Aim of the exercise: Every line below should be copied exactly; drop the pictures.

Information provided:
- - -

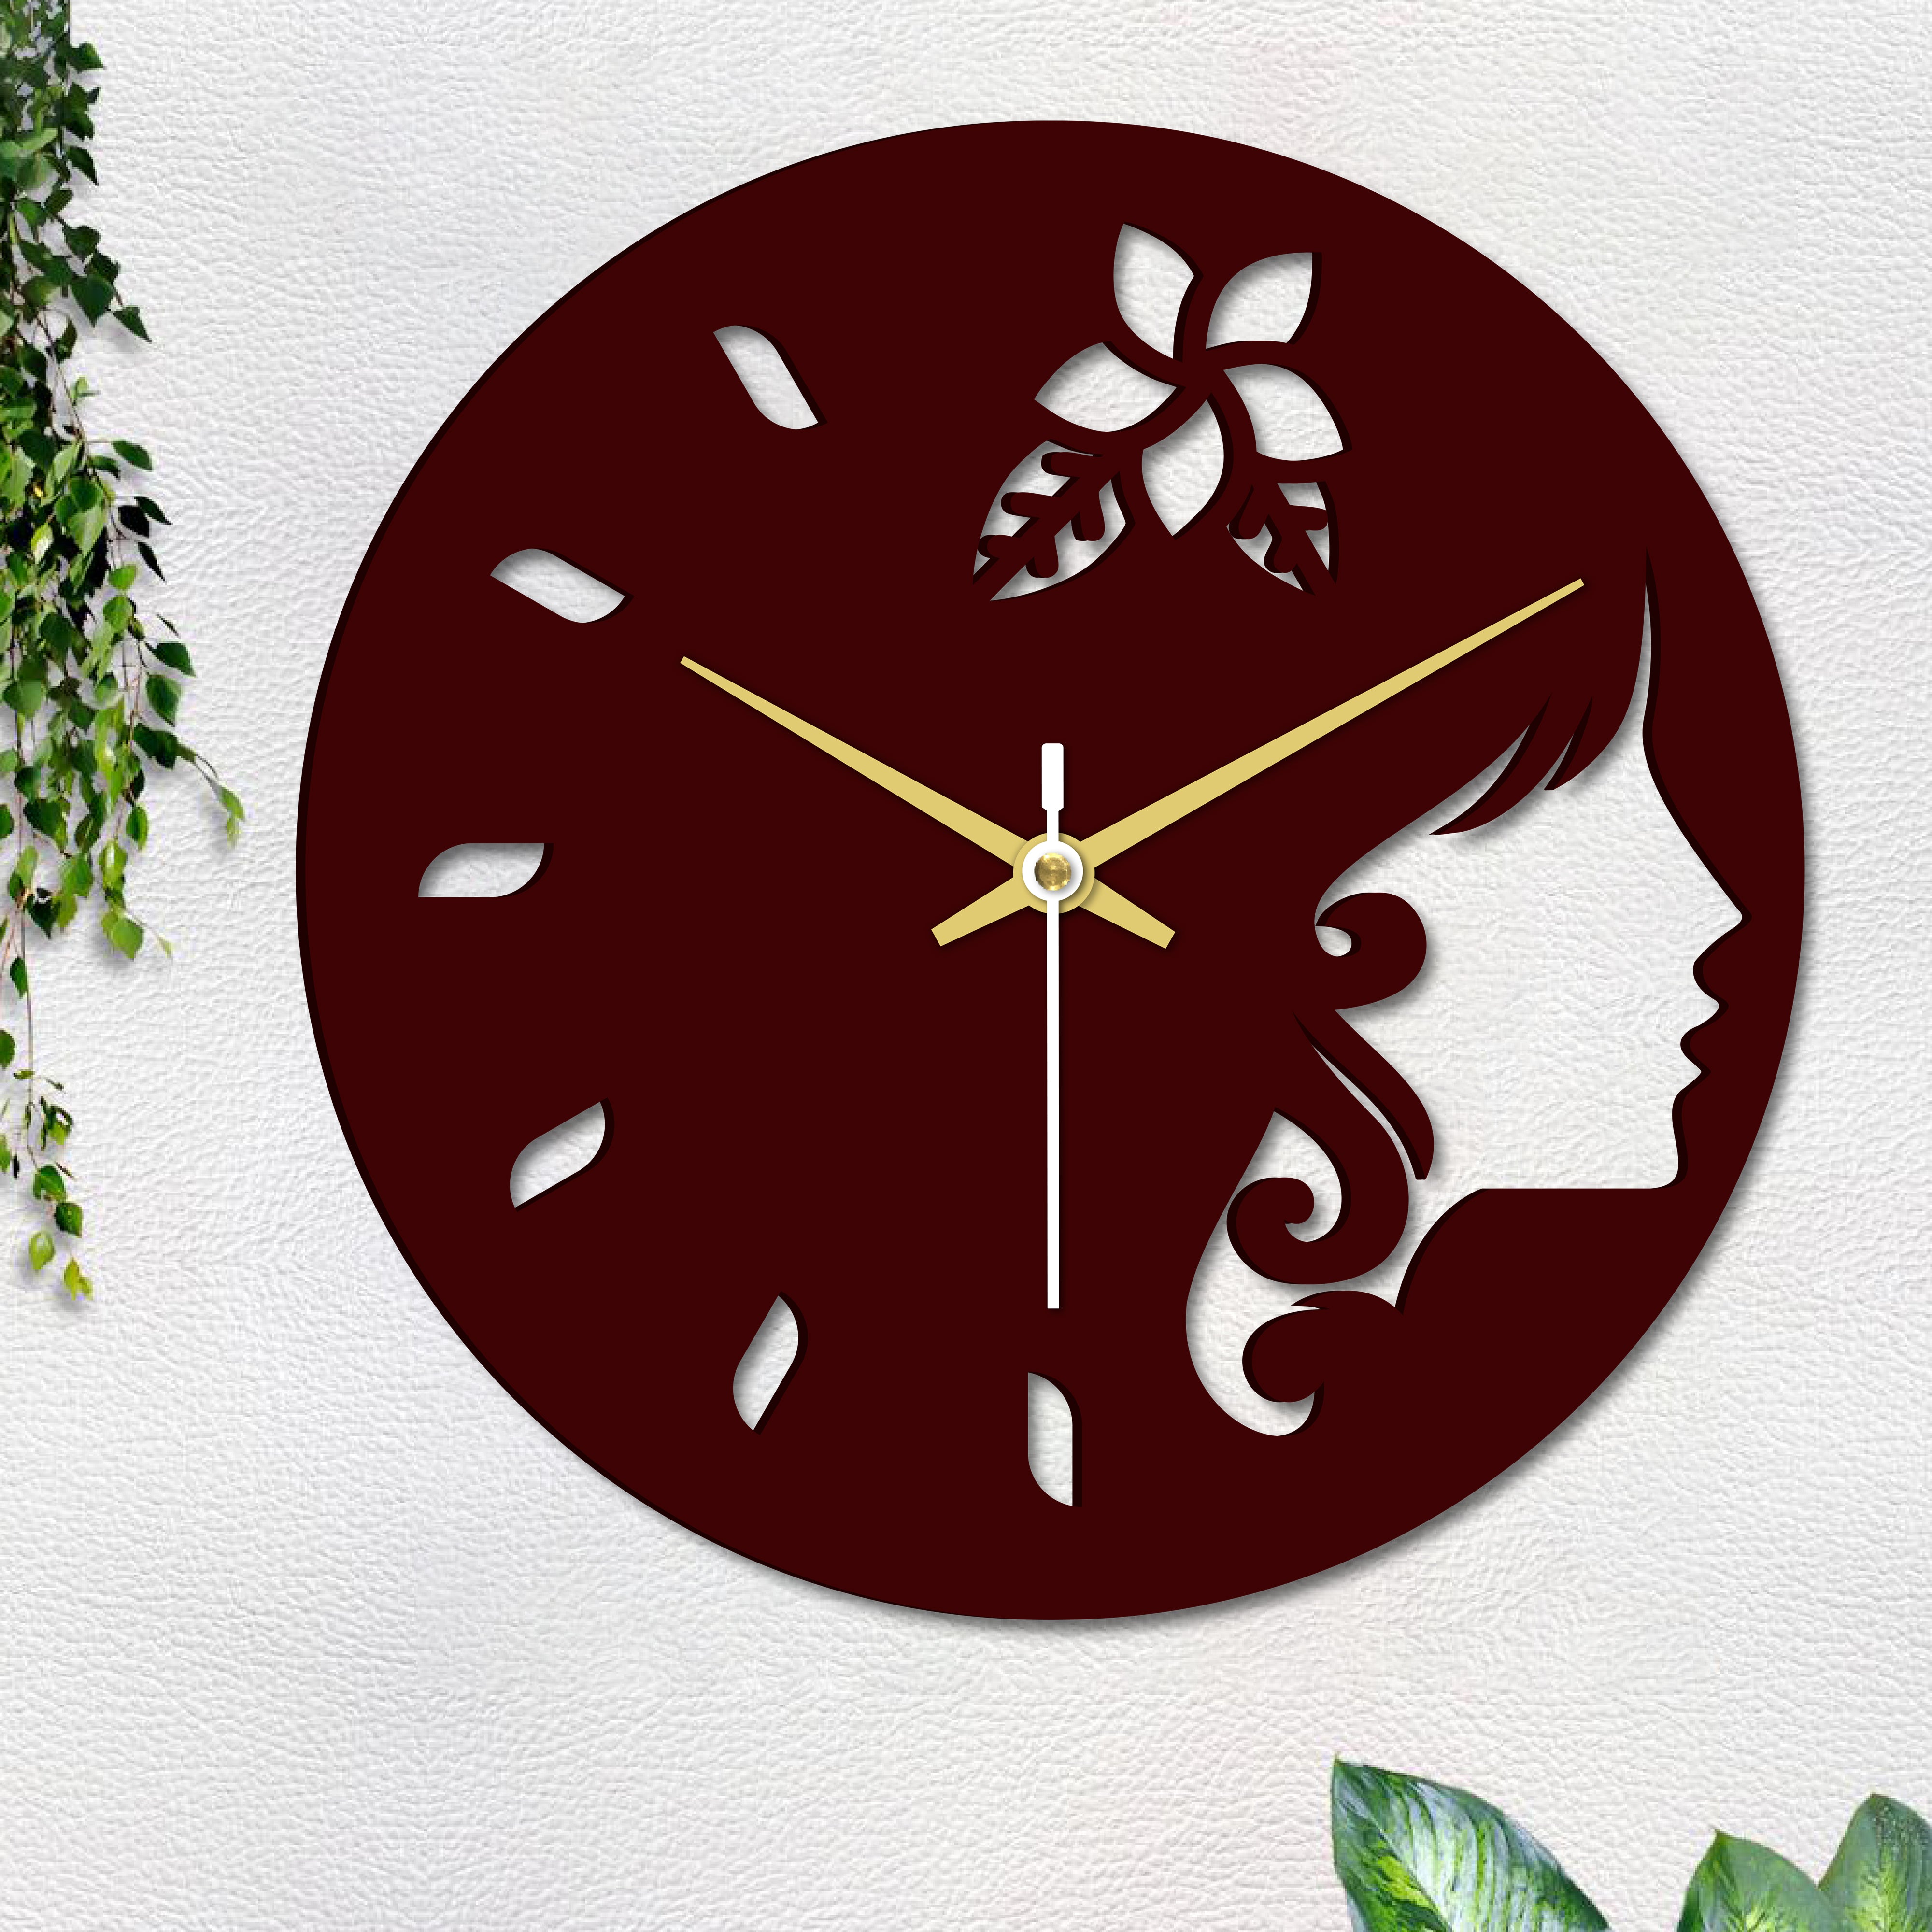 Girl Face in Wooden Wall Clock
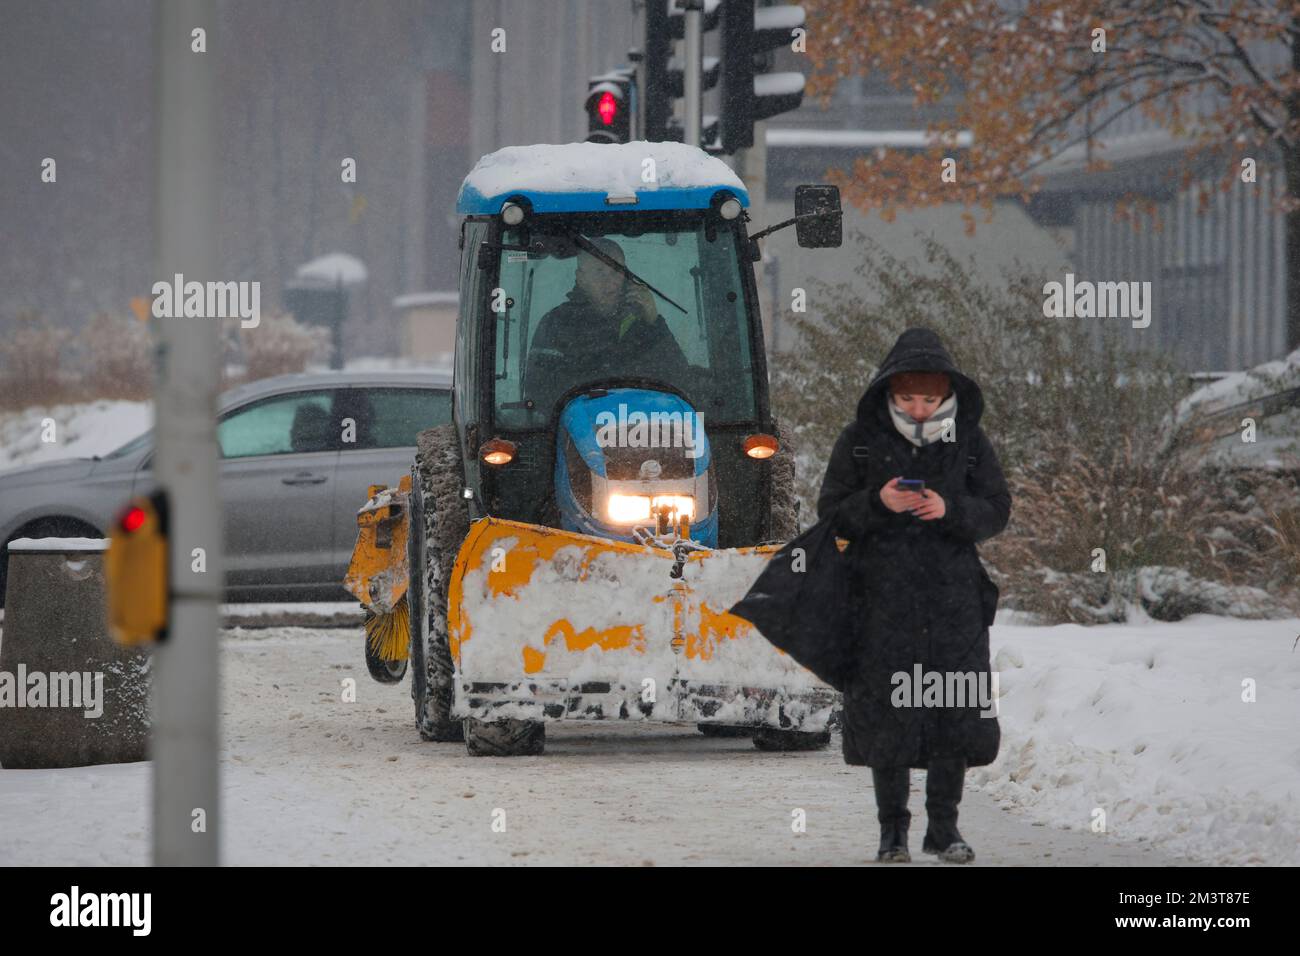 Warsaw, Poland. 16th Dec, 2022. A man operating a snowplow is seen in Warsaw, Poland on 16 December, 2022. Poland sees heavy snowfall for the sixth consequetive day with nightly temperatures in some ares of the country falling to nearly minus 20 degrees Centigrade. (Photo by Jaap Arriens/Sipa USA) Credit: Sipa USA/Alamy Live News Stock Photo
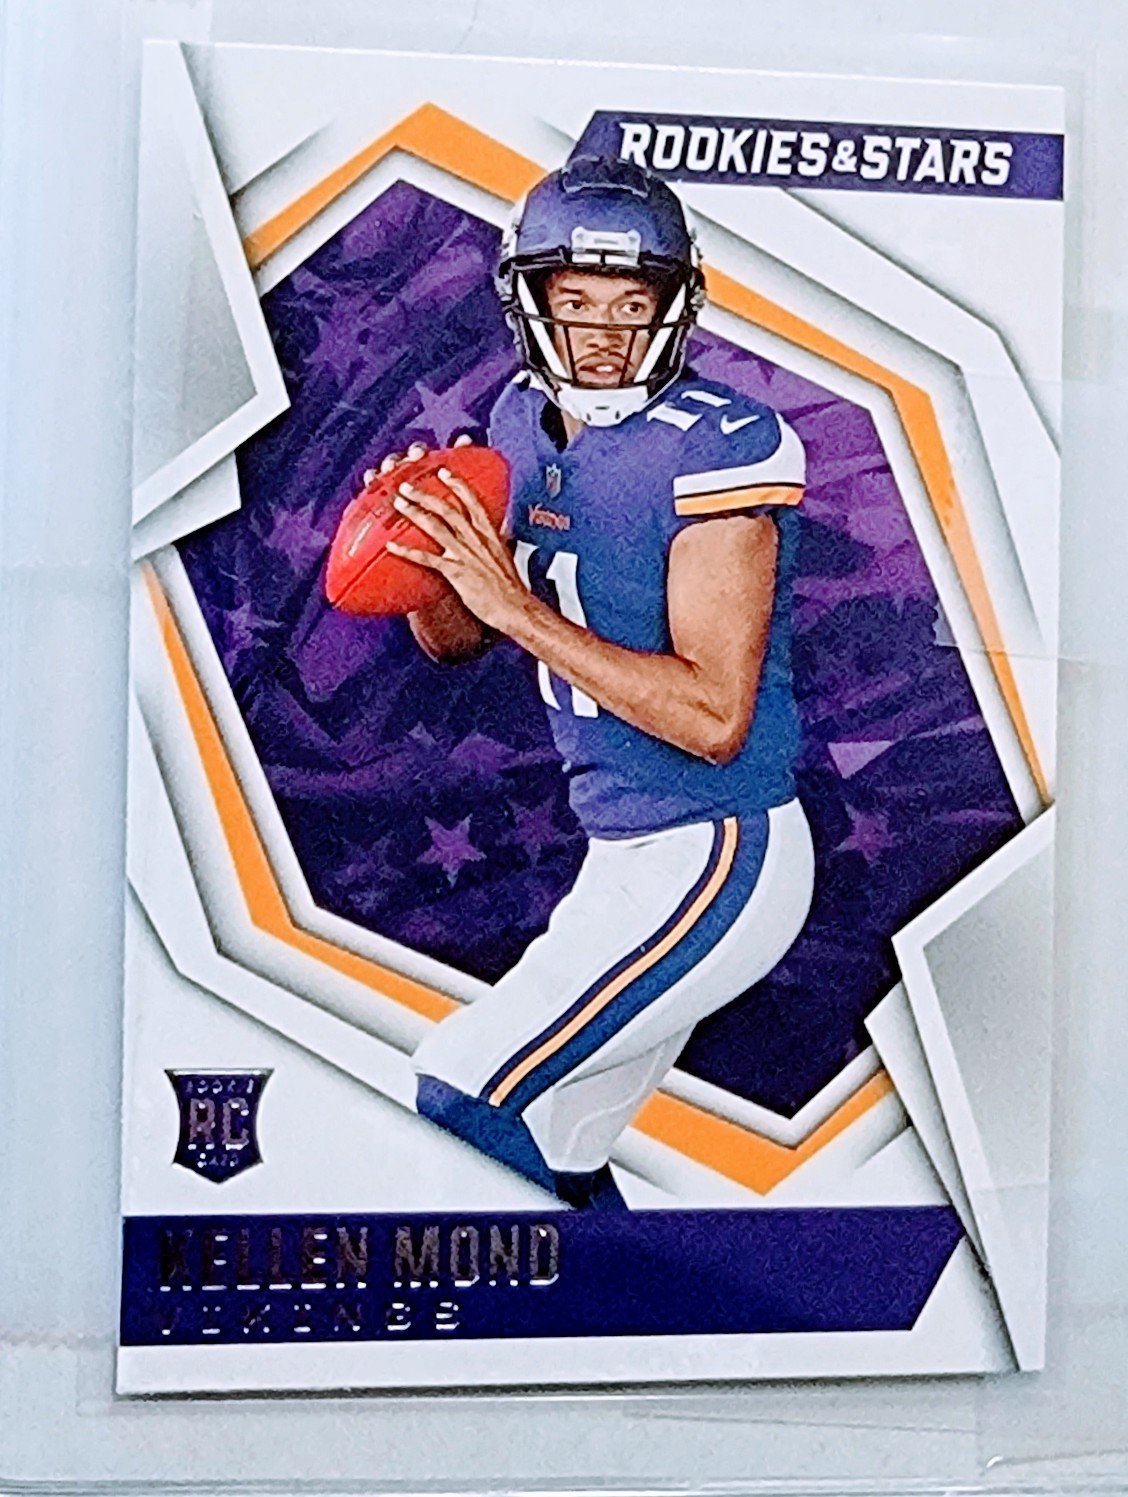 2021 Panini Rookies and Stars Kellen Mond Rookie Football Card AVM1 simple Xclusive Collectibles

- - -

Reply to the exercise:
 Girl Face in Wooden Wall Clock
 Warsaw, Poland. 16th Dec, 2022. A man operating a snowplow is seen in Warsaw, Poland on 16 December, 2022. Poland sees heavy snowfall for the sixth consequetive day with nightly temperatures in some ares of the country falling to nearly minus 20 degrees Centigrade. (Photo by Jaap Arriens/Sipa USA) Credit: Sipa USA/Alamy Live News Stock Photo
 2021 Panini Rookies and Stars Kellen Mond Rookie Football Card AVM1 simple Xclusive Collectibles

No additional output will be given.